### Data shown
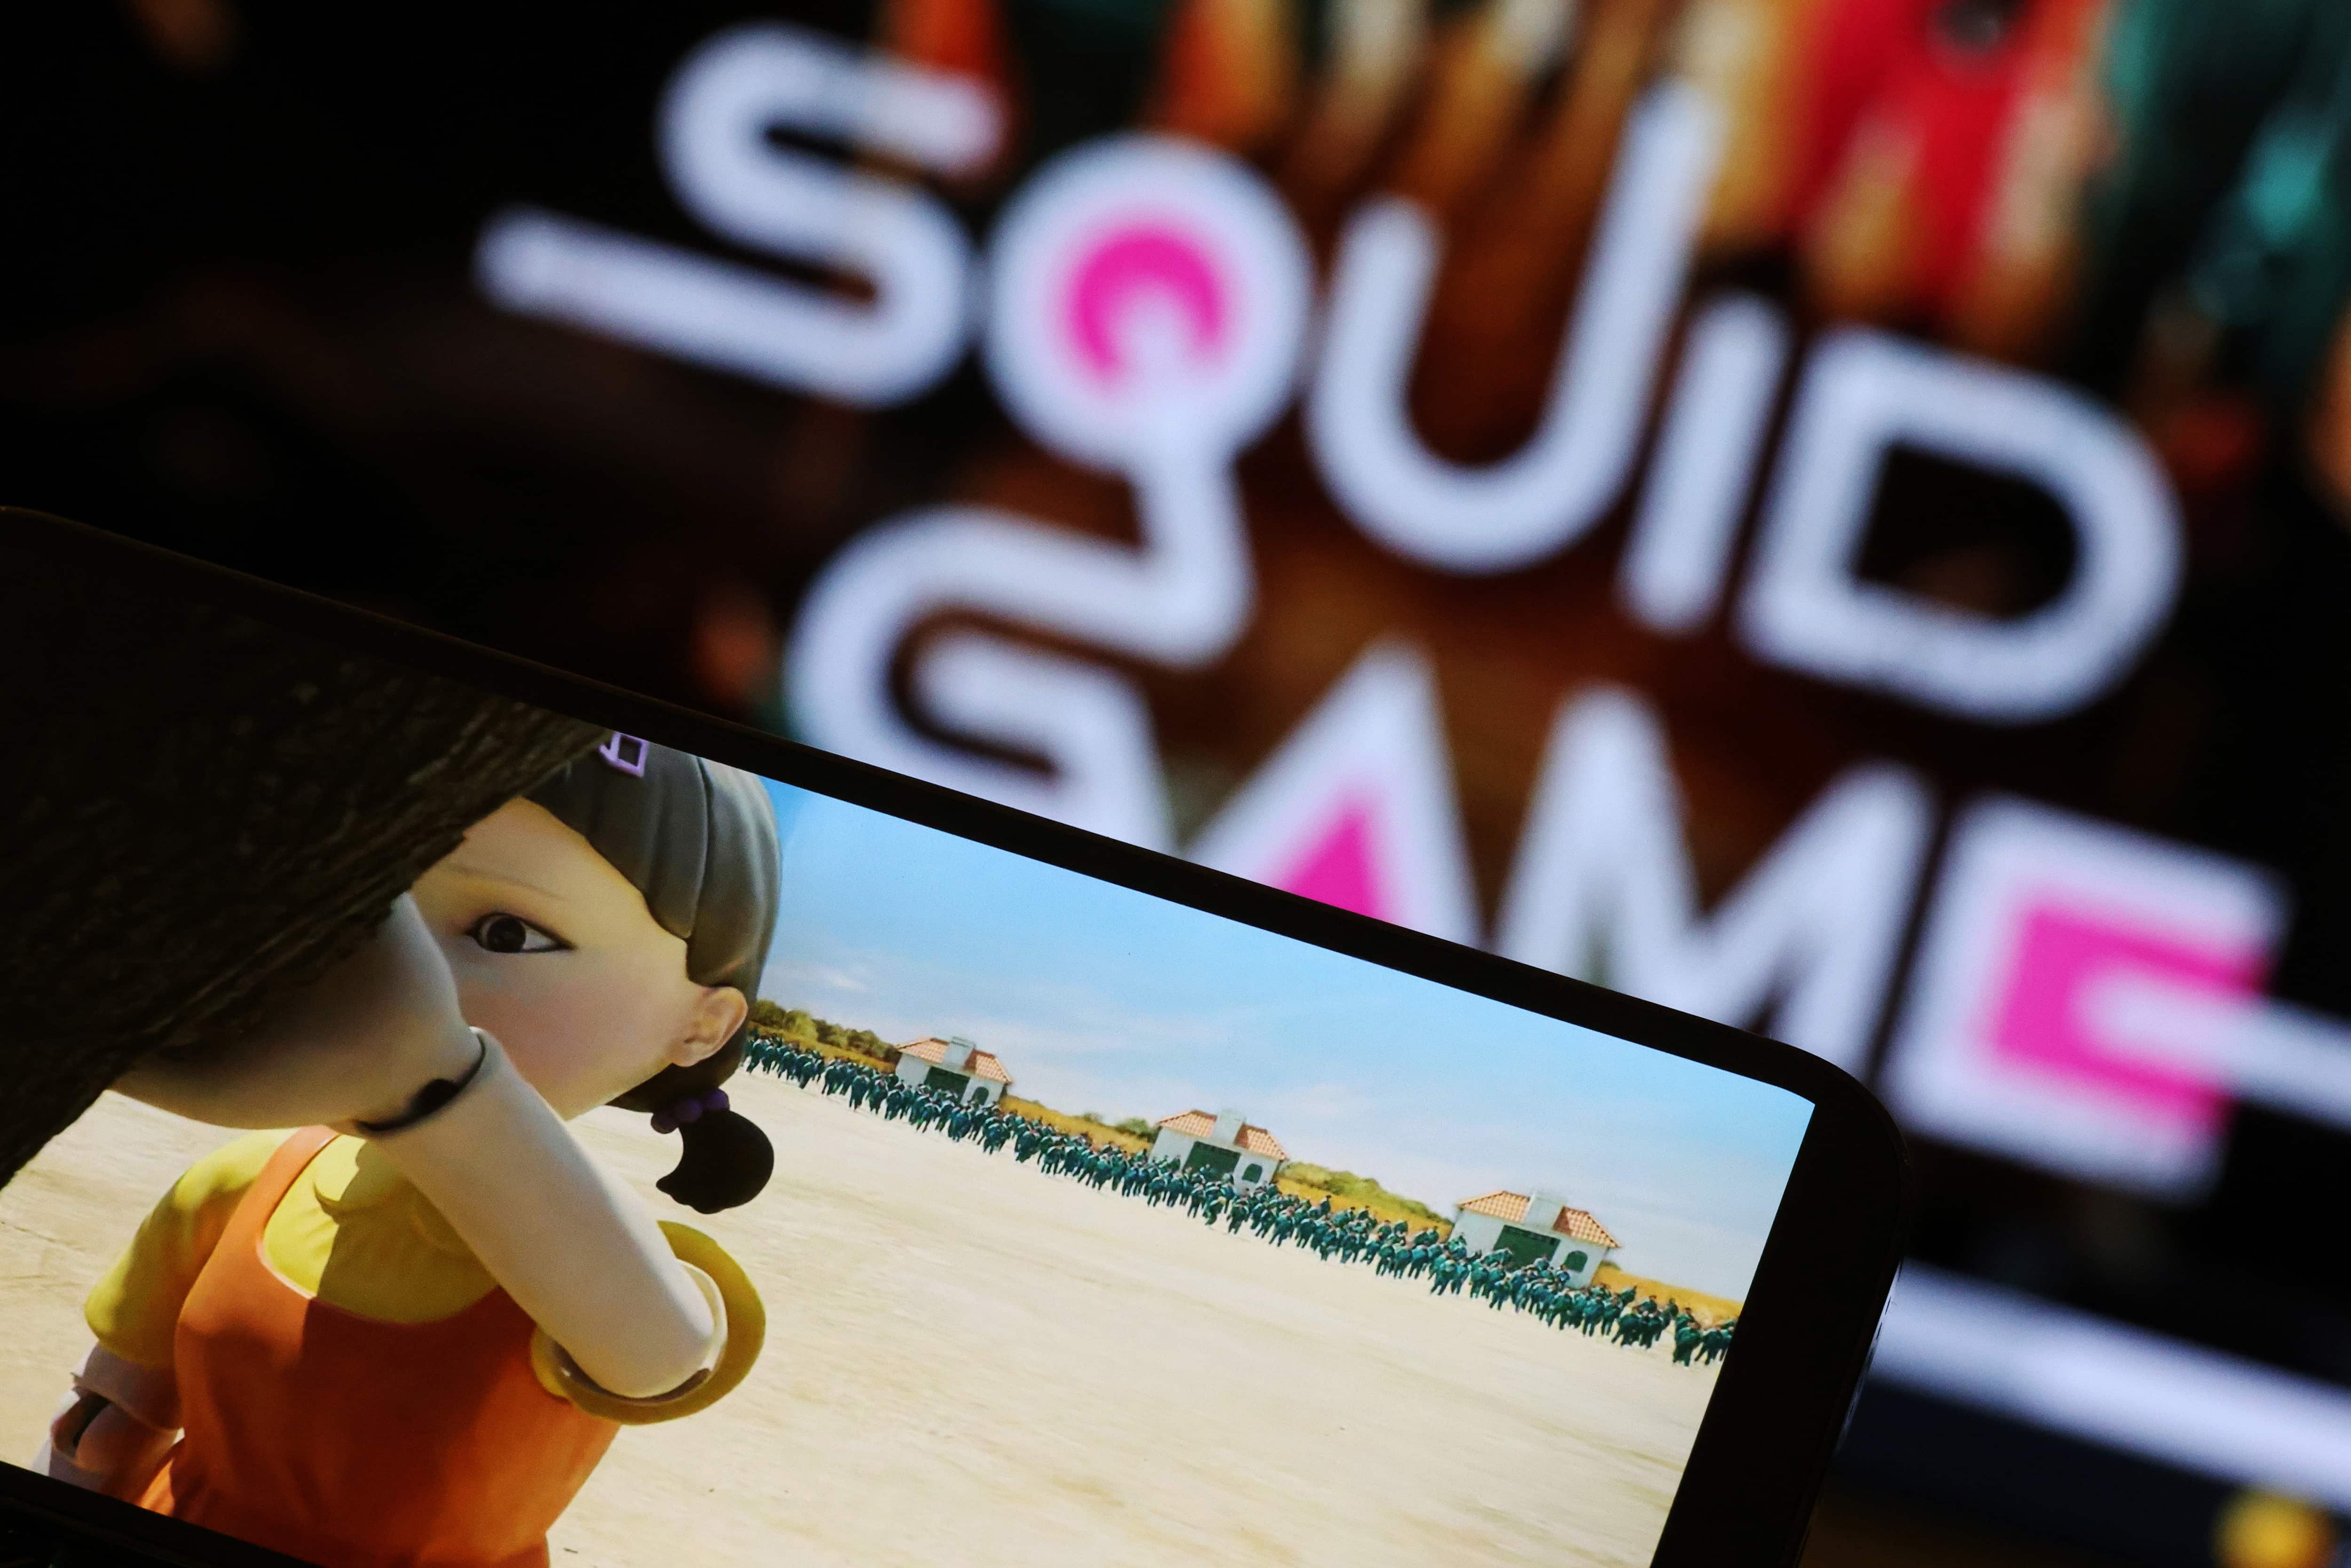 Squid Game video game announced by Netflix
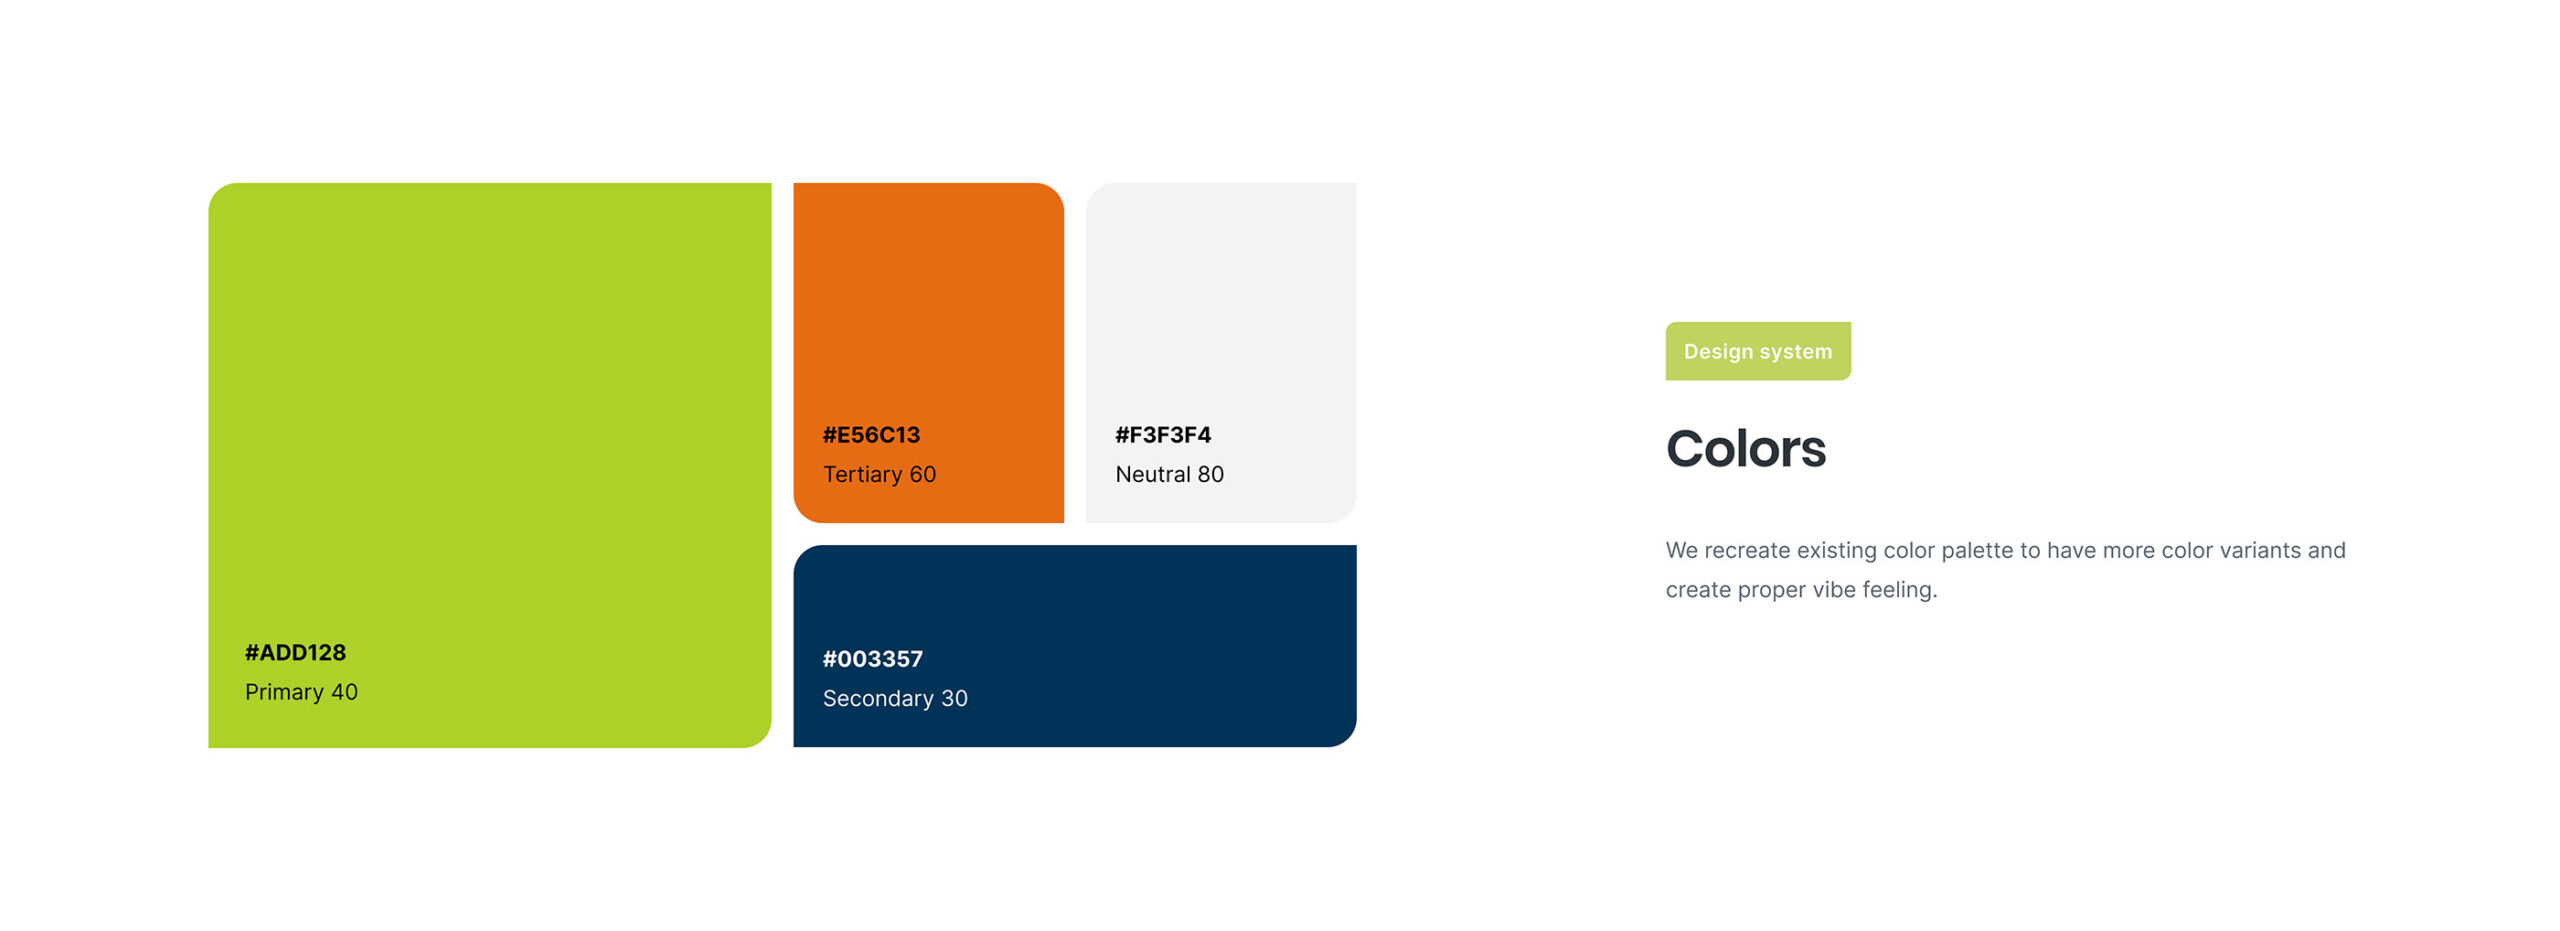 A colour palette for Green Our Planet, vibrant green and orange paired with navy and white.
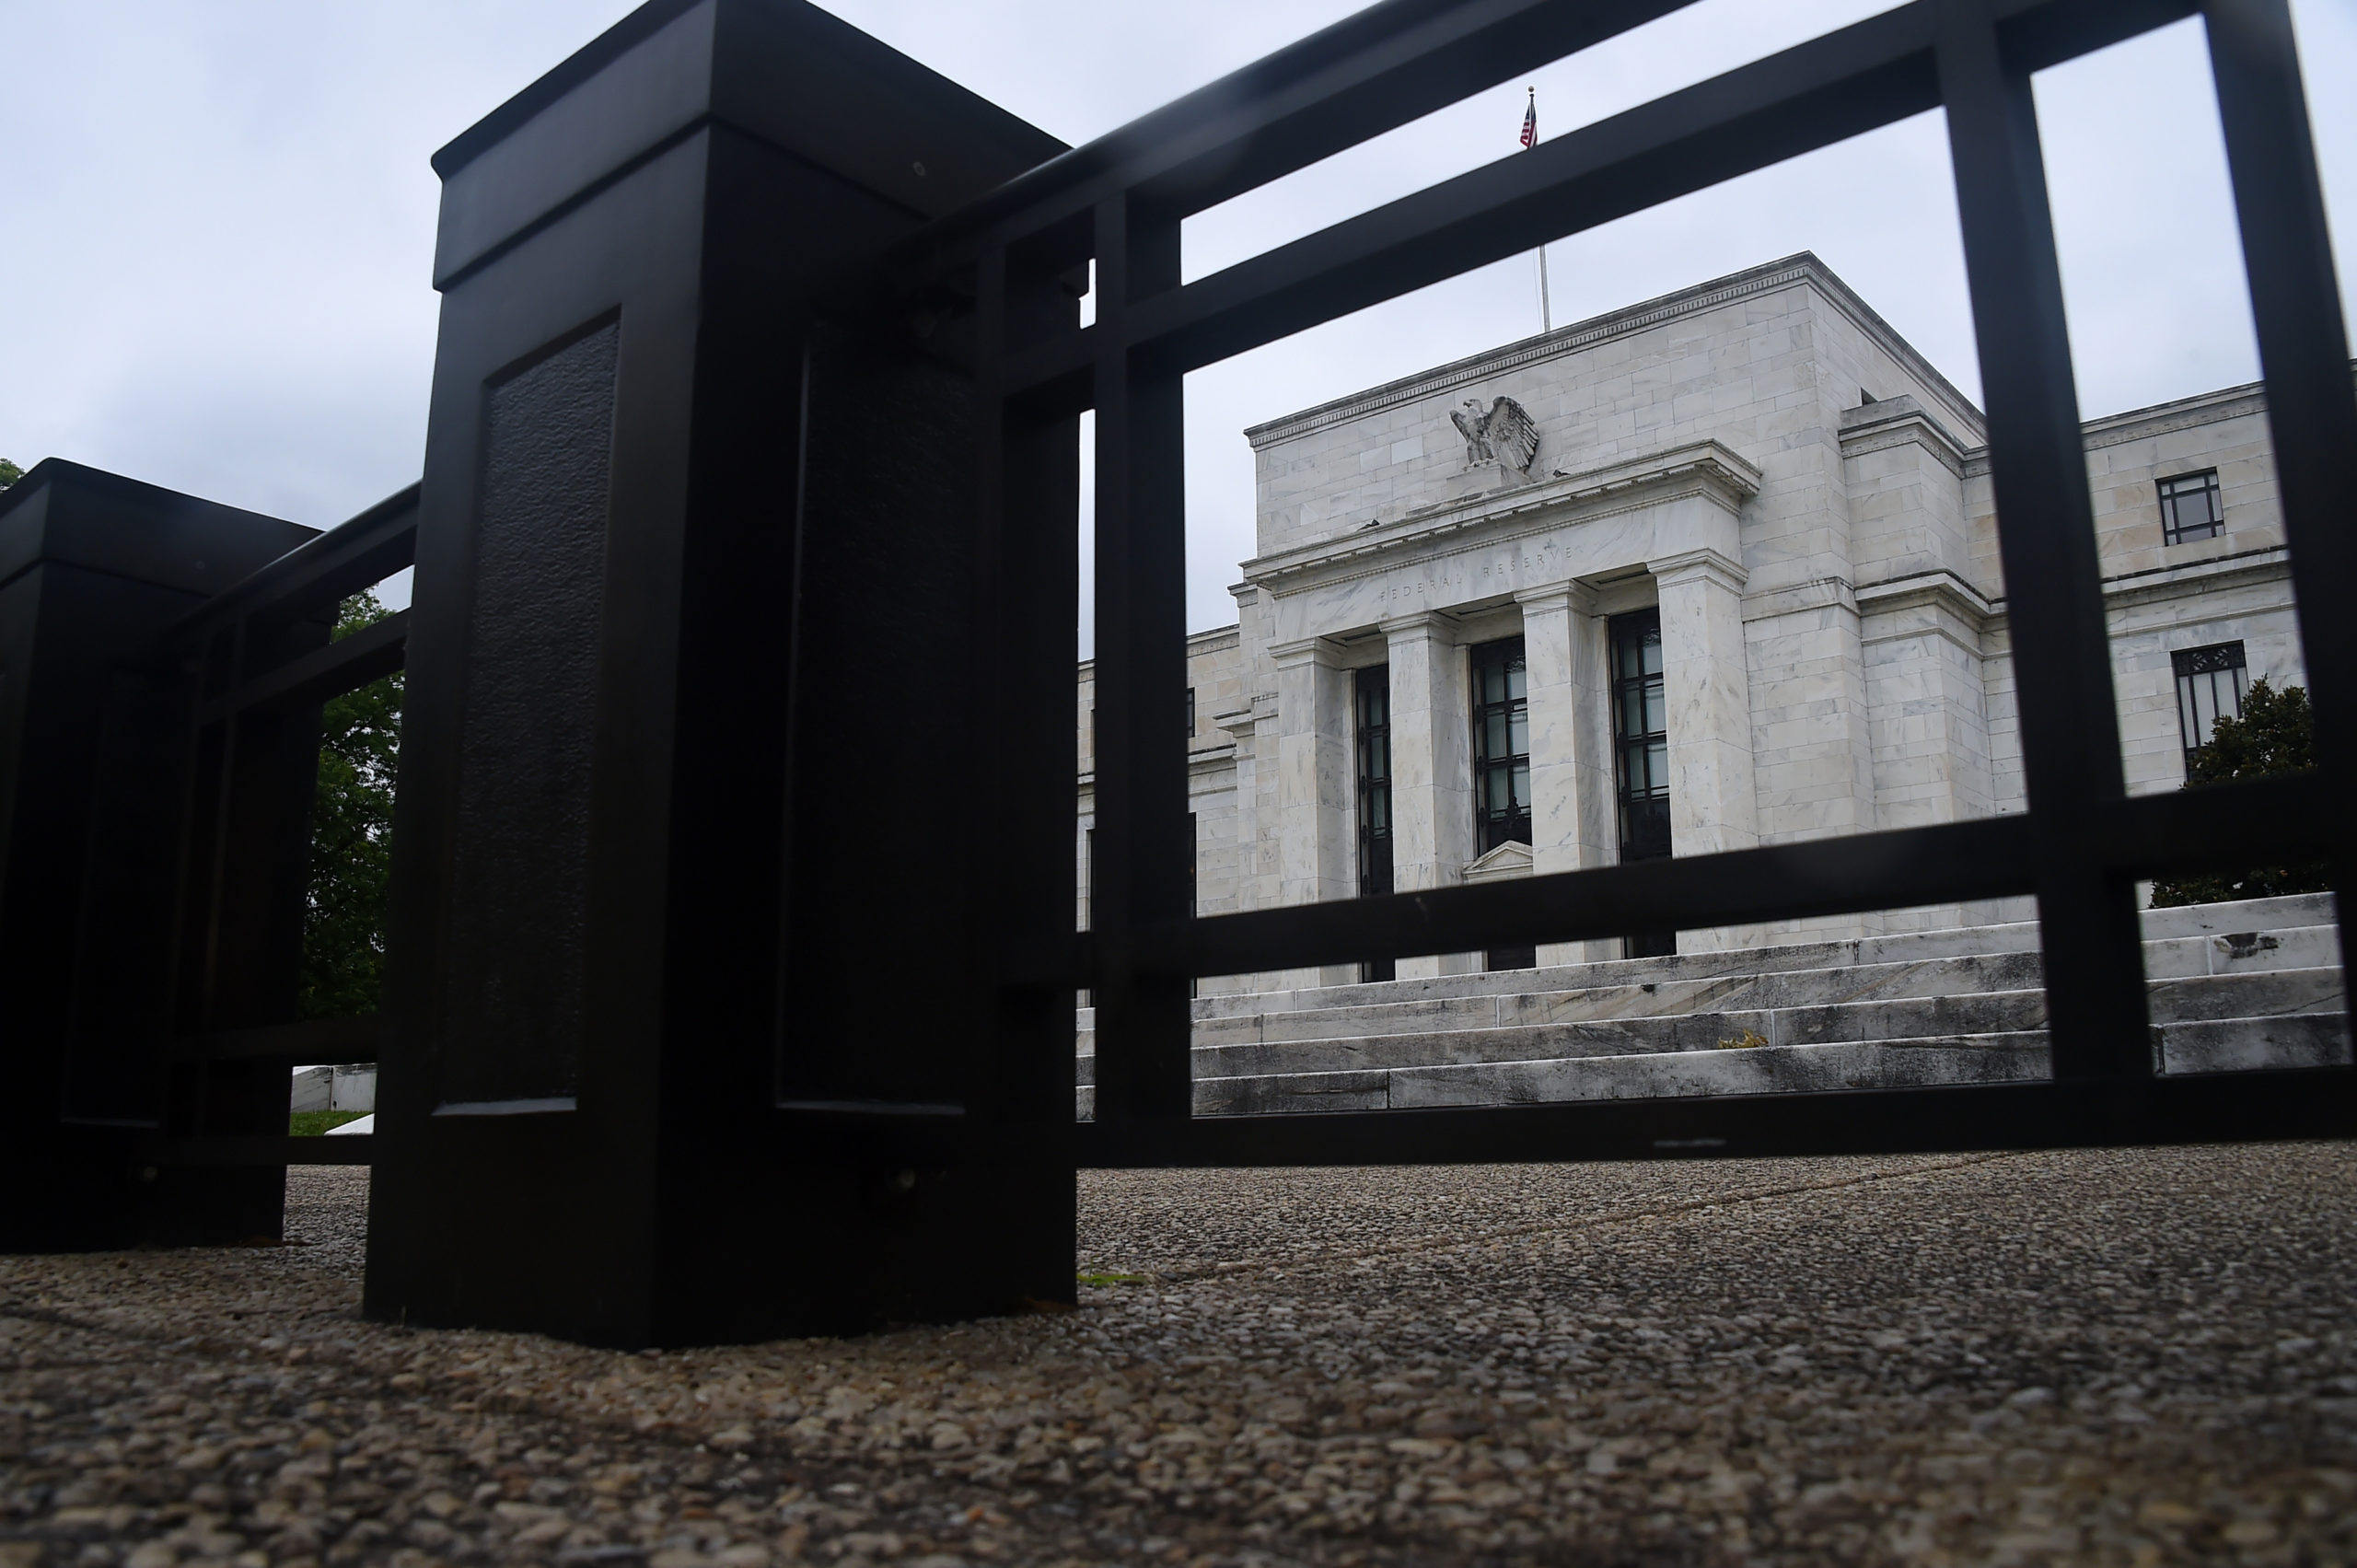 The Federal Reserve Building is seen through a fence on June 17, 2020 in Washington, DC. (Photo by Olivier DOULIERY / AFP) (Photo by OLIVIER DOULIERY/AFP via Getty Images)

### Instructions to follow
None of the pictures should appear, though every line of the data above must be reproduced exactly.

### Answer section
 Squid Game video game announced by Netflix
 A colour palette for Green Our Planet, vibrant green and orange paired with navy and white.
 The Federal Reserve Building is seen through a fence on June 17, 2020 in Washington, DC. (Photo by Olivier DOULIERY / AFP) (Photo by OLIVIER DOULIERY/AFP via Getty Images)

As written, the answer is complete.